I remember one time a friend had casually suggested that a challenge of the work I do was to face the place and time where I can’t do anything about the situation.  People will look at Ms. Morris case and think that perhaps any service provider who came in contact with her is now going through this difficult challenge.  They are, but perhaps not in the completely disempowered fashion my friend had suggested.  Sure, service providers, even those who are first responders like EMT and the NYPD, can’t take a gun away from a violent individual once he chooses to commit a heinous crime.  We can’t get into his conscience after the full effects of patriarchy implanted the anti-social trait that would make him a perpetrator of femicide, goes off after years of pressure building that makes him think what he is doing is completely justifiable by whatever problems were present in the relationship, which according to him: “she created”.

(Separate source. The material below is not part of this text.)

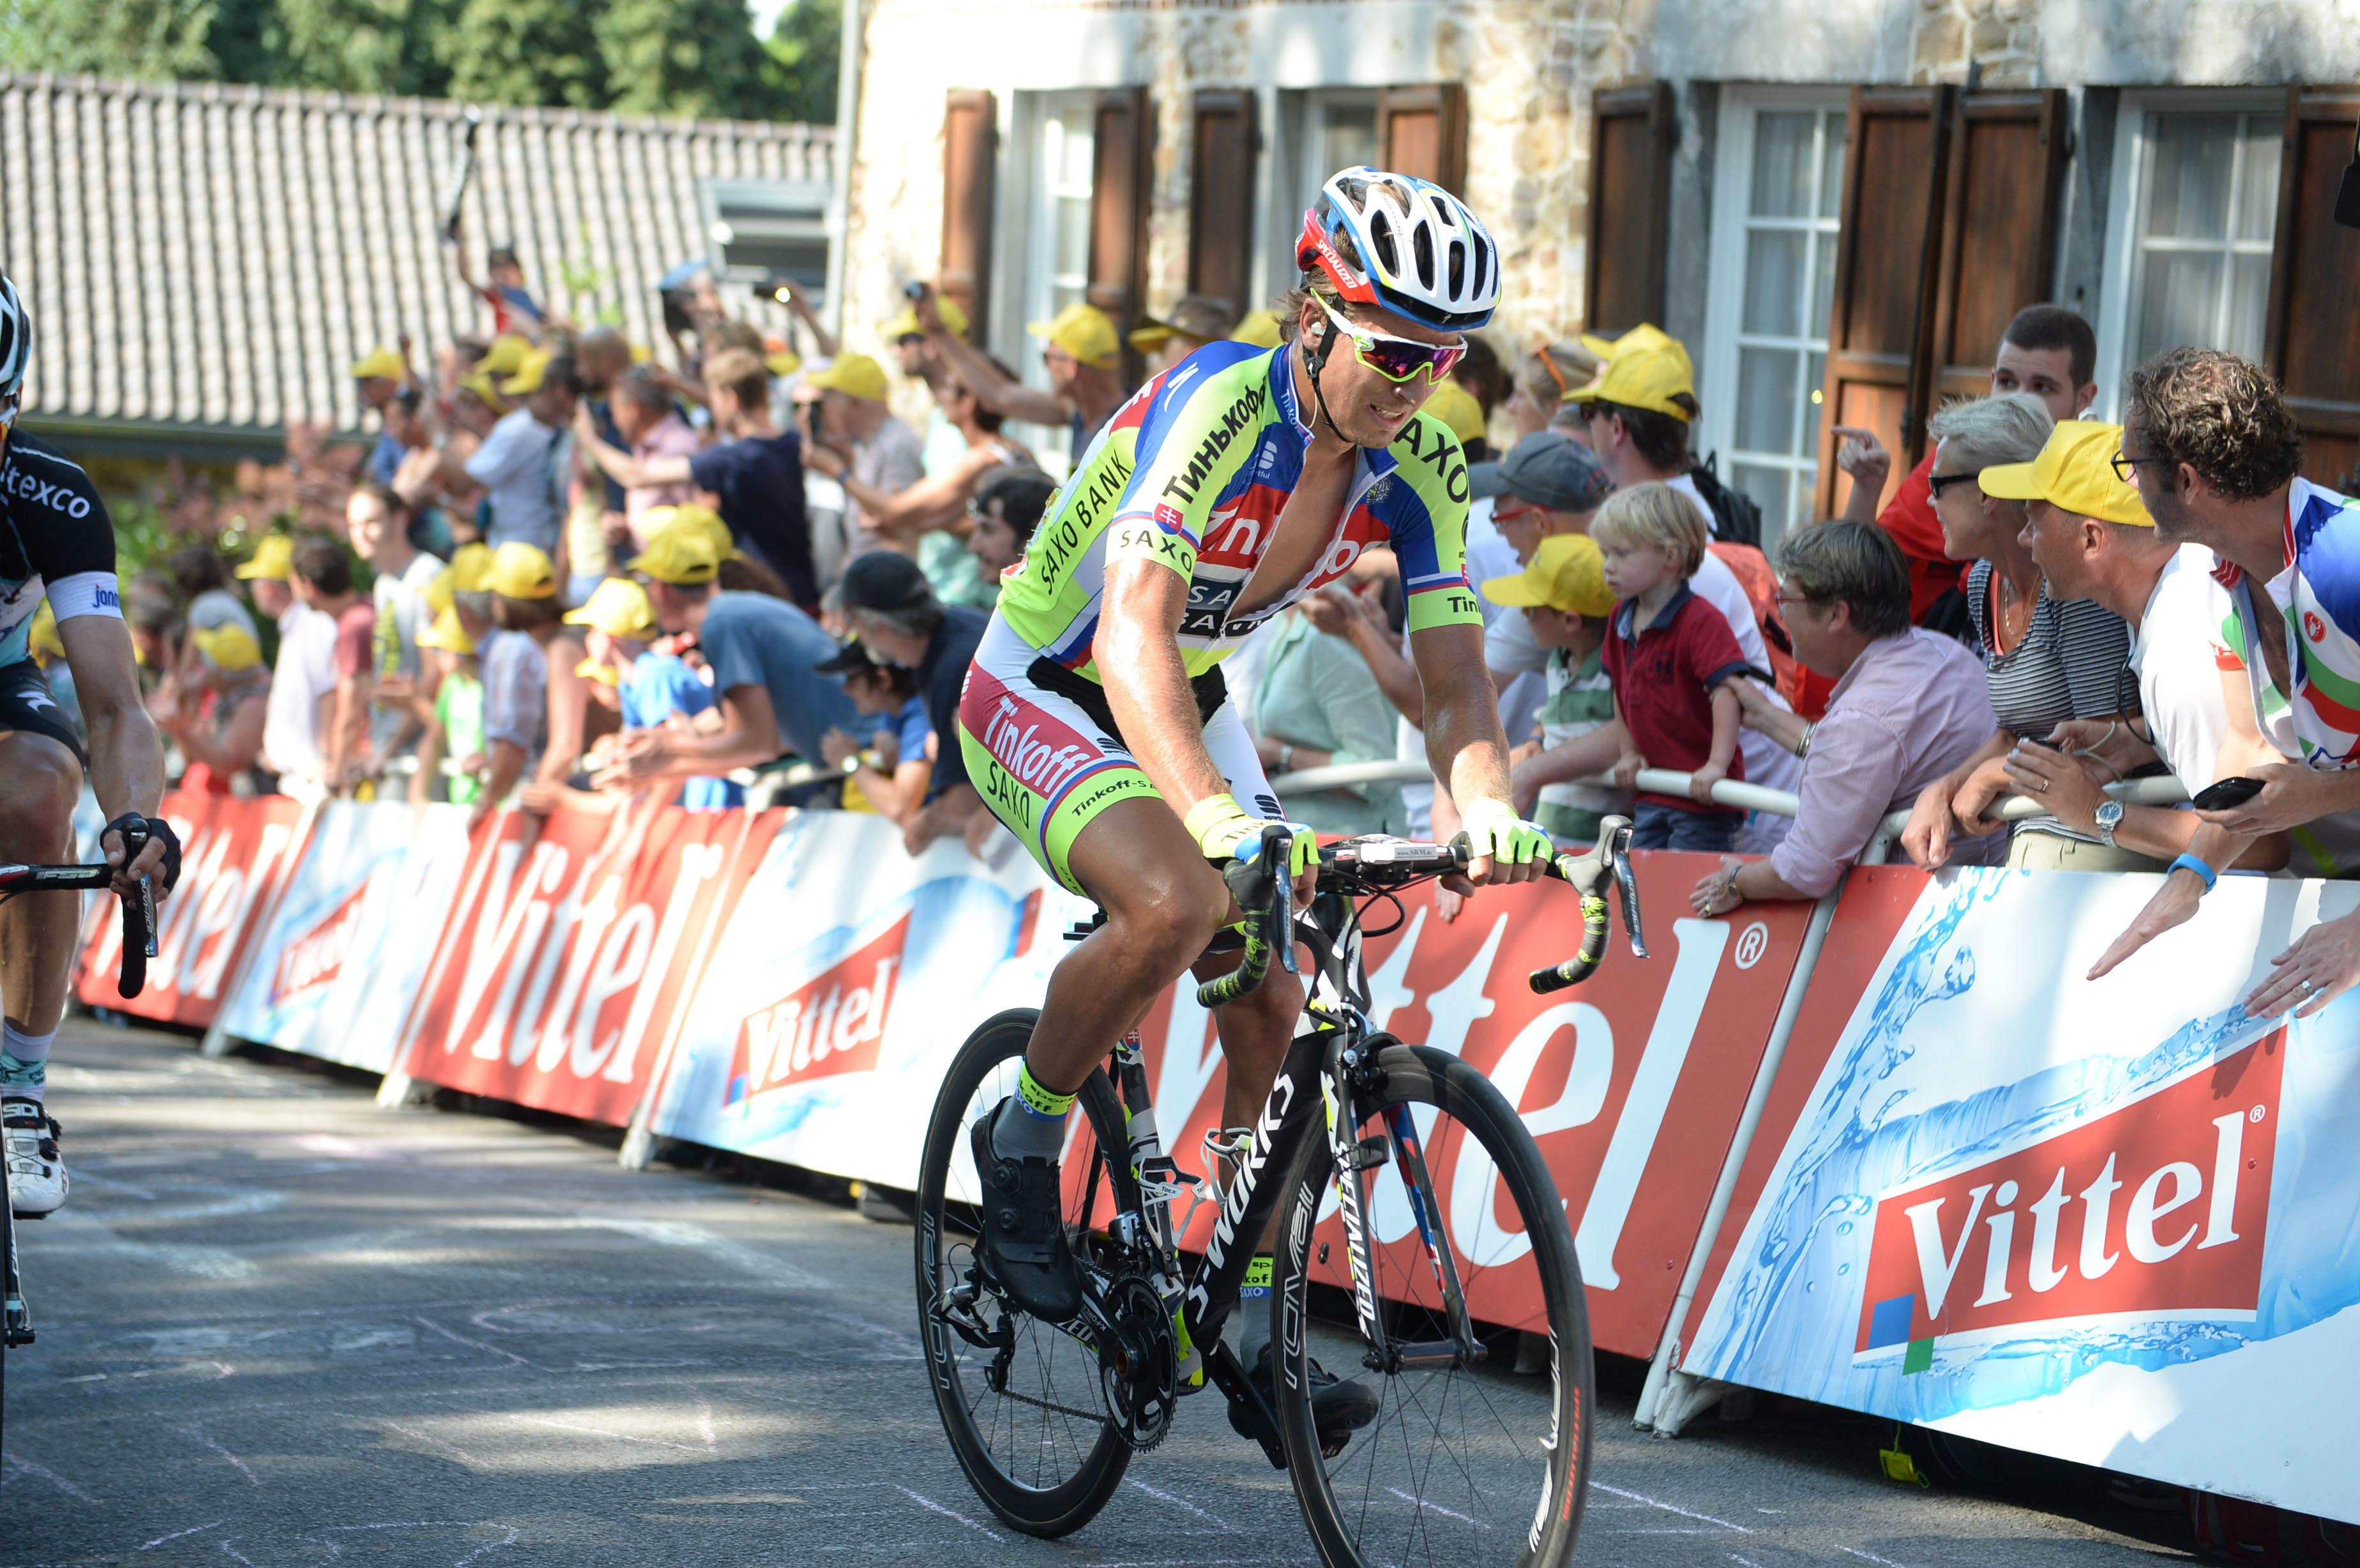 Peter Sagan - Tour de France 2015. (pic: Sirotti)

But that is not what makes me feel dis-empowered that I “can’t do anything about the situation”.  I am living in the era where the need for responsive services is still needed to prevent the further victimization of a person already victimized and I accept that.  I accept that my efforts may come too late or not have a big enough impact at the face of the huge social dysfunction that is Domestic Violence.  I can accept it, because I facilitate an amount of social justice to people who would otherwise not have it if I were not sitting at this desk.  I accept it because more Spanish speakers can have access to services once I arrived here.

What would have made me feel really dis-empowered at a time like this would have been to have chosen some other path in my career, to not have become politically active about Domestic Violence, to not have conversations at home and in my community about the real phenomena that is Domestic Violence, as opposed to the droned out message full of stigmas, isms, prejudice and oppression that still meanders about in society which reinforces every aspect of Domestic Violence.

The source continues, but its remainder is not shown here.